In this article I am going to discuss several important approaches and techniques that can help improve the efficiency of neural networks.

An overview of approaches and techniques

Photo by Thomas Kelley on Unsplash
Photo by Thomas Kelley on Unsplash

In this article, I am going to present and discuss several important approaches and techniques that can help improve the efficiency of a Deep Learning model on different levels. These types of optimizations are becoming even more important now as the new improvements in deep learning models also bring an increase in the number of parameters, resources requirements to train, latency, storage requirements, etc.

The main topics that I will tackle are the following:

  • Compressions Techniques
  • Learning Techniques
  • Efficient Architectures
  • Automation

Compression Techniques

These types of techniques are targeting the representational efficiency of the entire model, this is possible mainly because many state of the art models are over-parameterized. Multiple components of the main model can benefit without affecting (within a margin) the scoring results computed on the original version, such as training time, inference latency, memory footprint. By compressing some part of the computation graph of a neural network model we can also improve its generalizability.
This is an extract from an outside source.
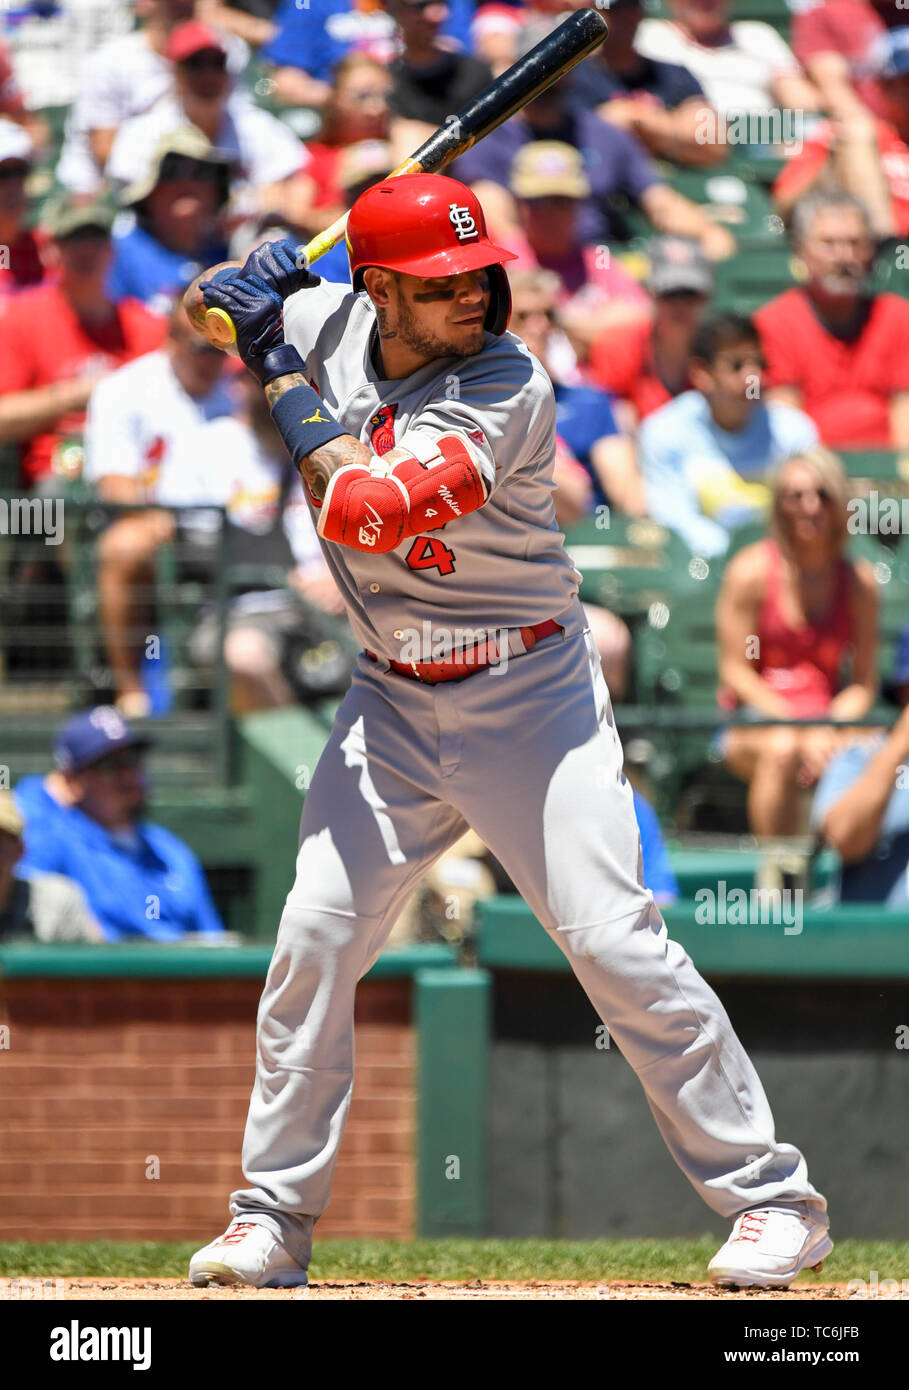 May 19, 2019: St. Louis Cardinals catcher Yadier Molina #4 at bat during an interleague MLB game ...
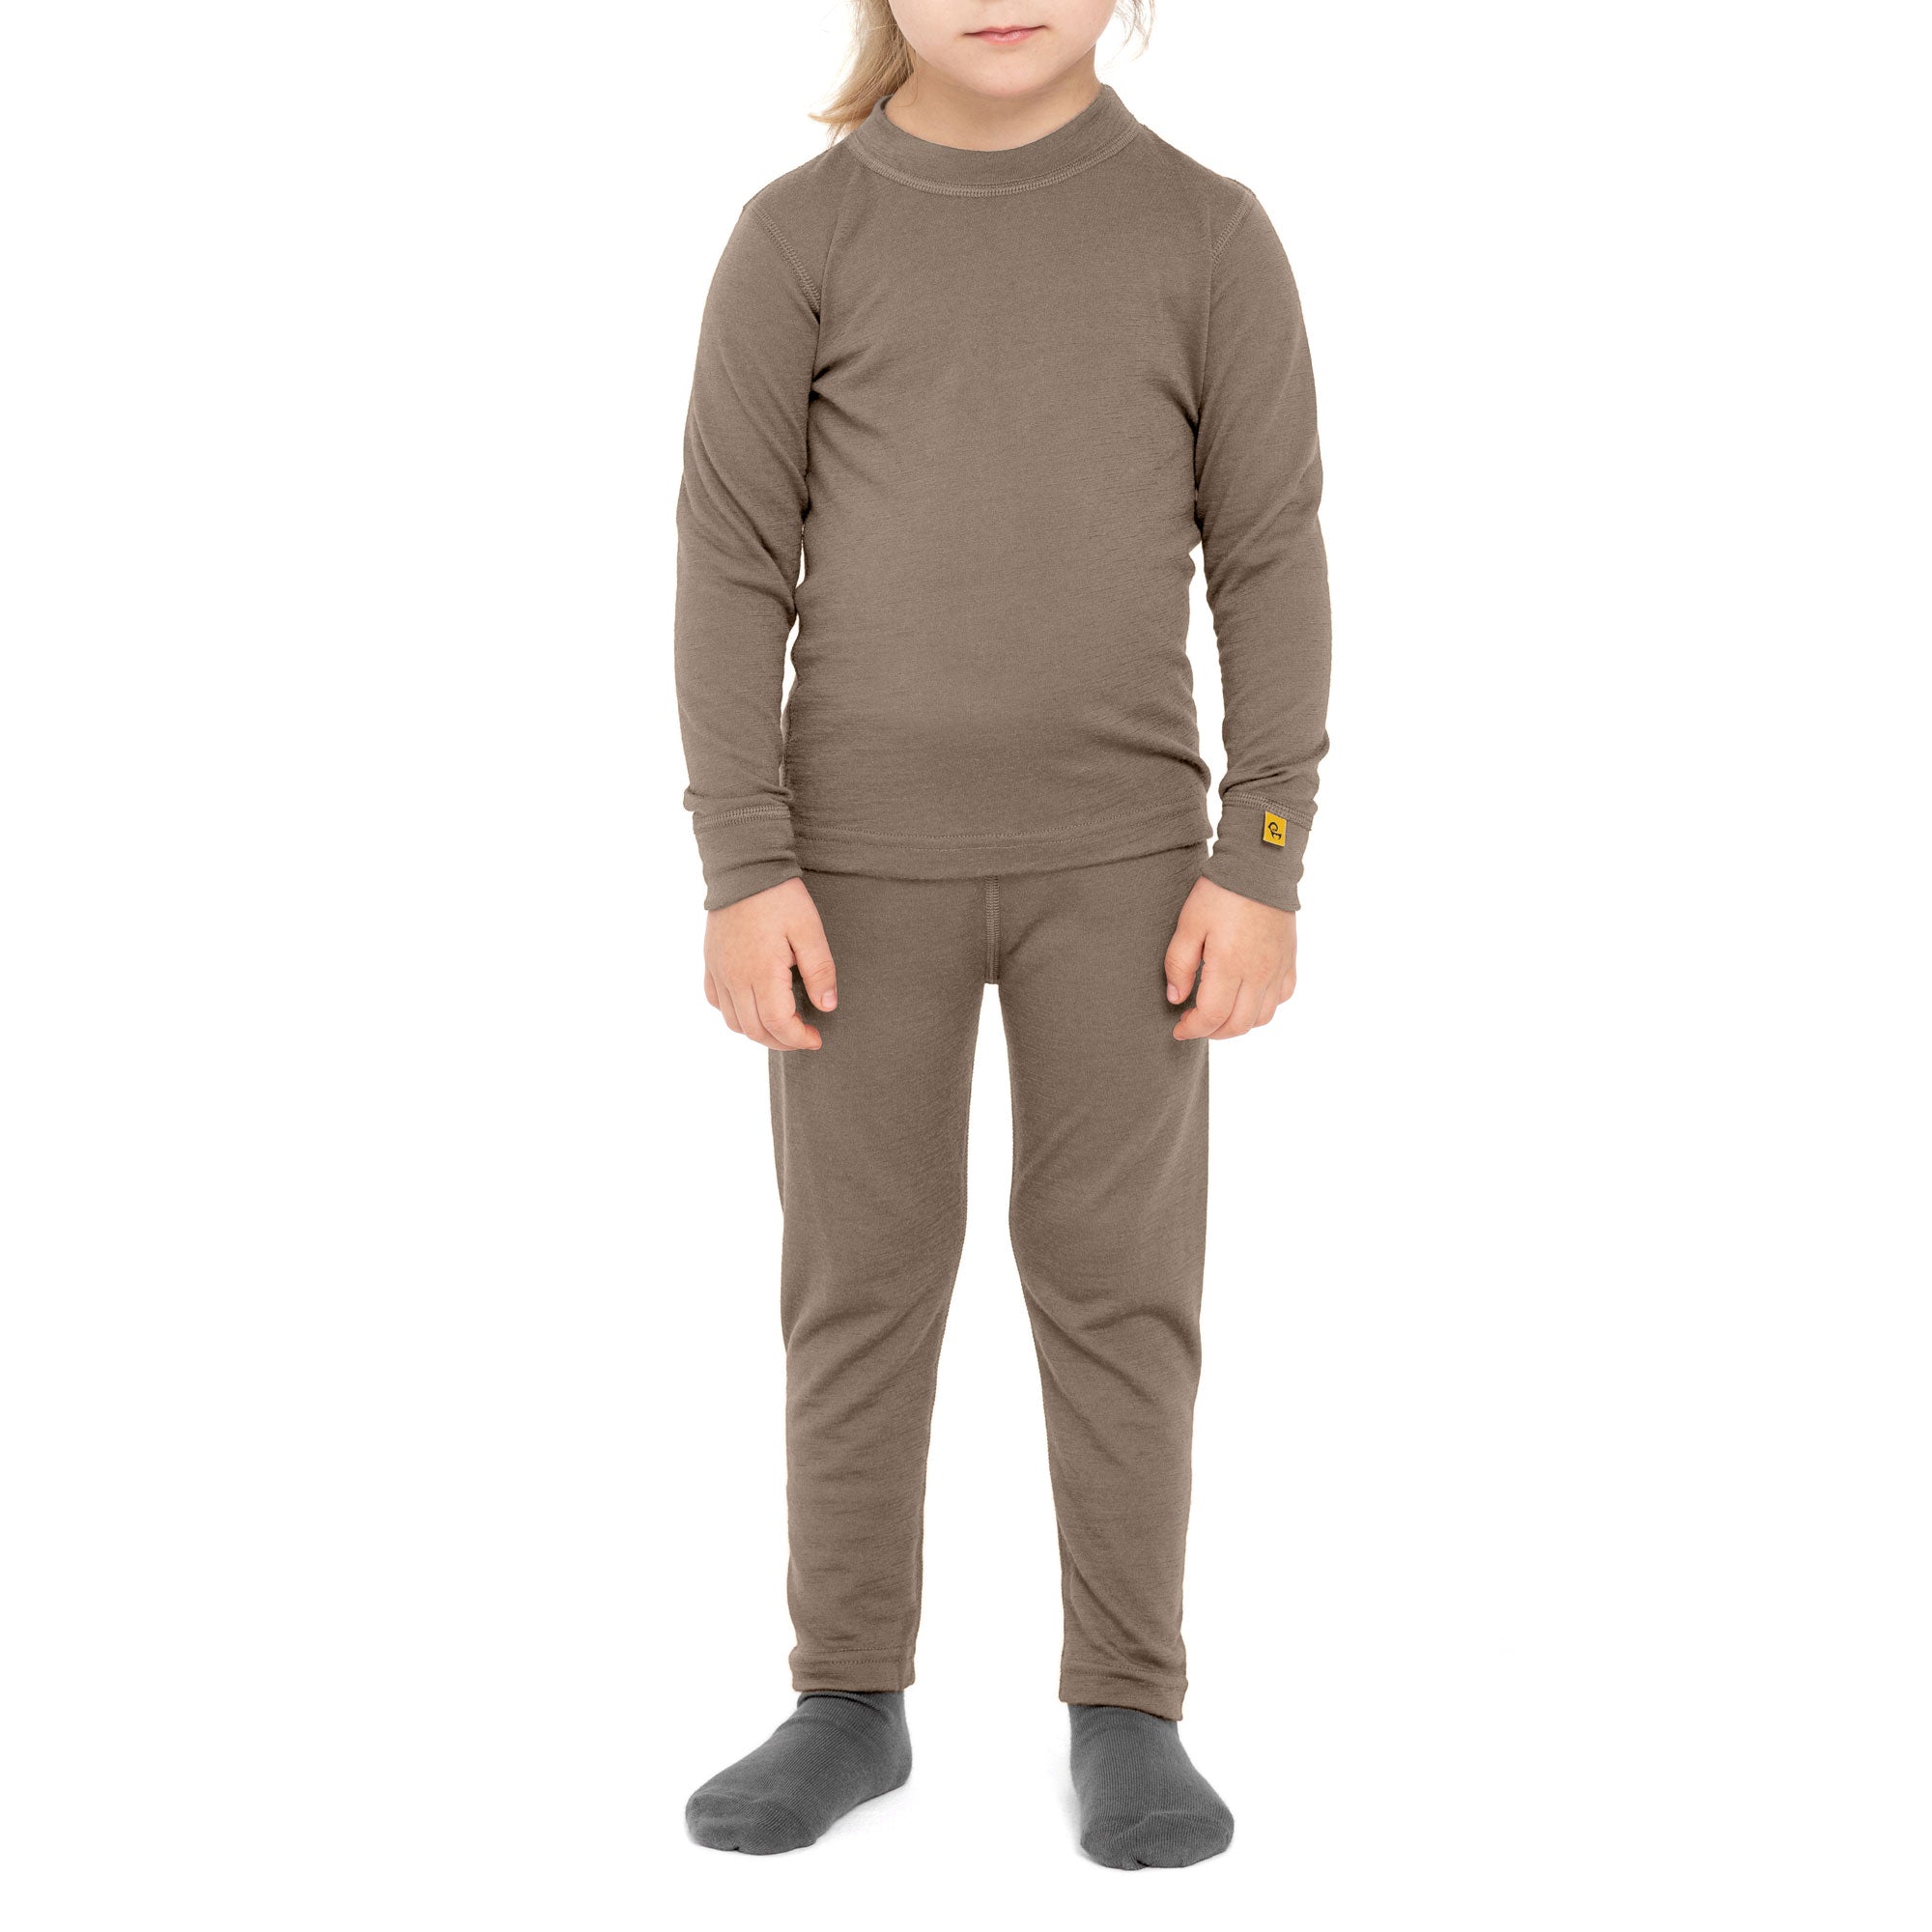 https://cdn.shopify.com/s/files/1/0218/1401/8128/products/menique-merino-kids-set-base-layer-pants-shirts-beige-1.jpg?v=1631865238

Multiple ideas have been explored here, some of the most successful are:

  • Pruning – refers to the removal or setting to zero of a set of parameters from a neural network using various strategies to pick the affected weights to obtain a sparse network that would not need as much memory as before. The most popular pruning strategies are based on: saliency, random structured/unstructured, scheduling, distribution of sparsity budget, regrowth. Usually after pruning it is recommended to perform fine-tuning on the resulting model.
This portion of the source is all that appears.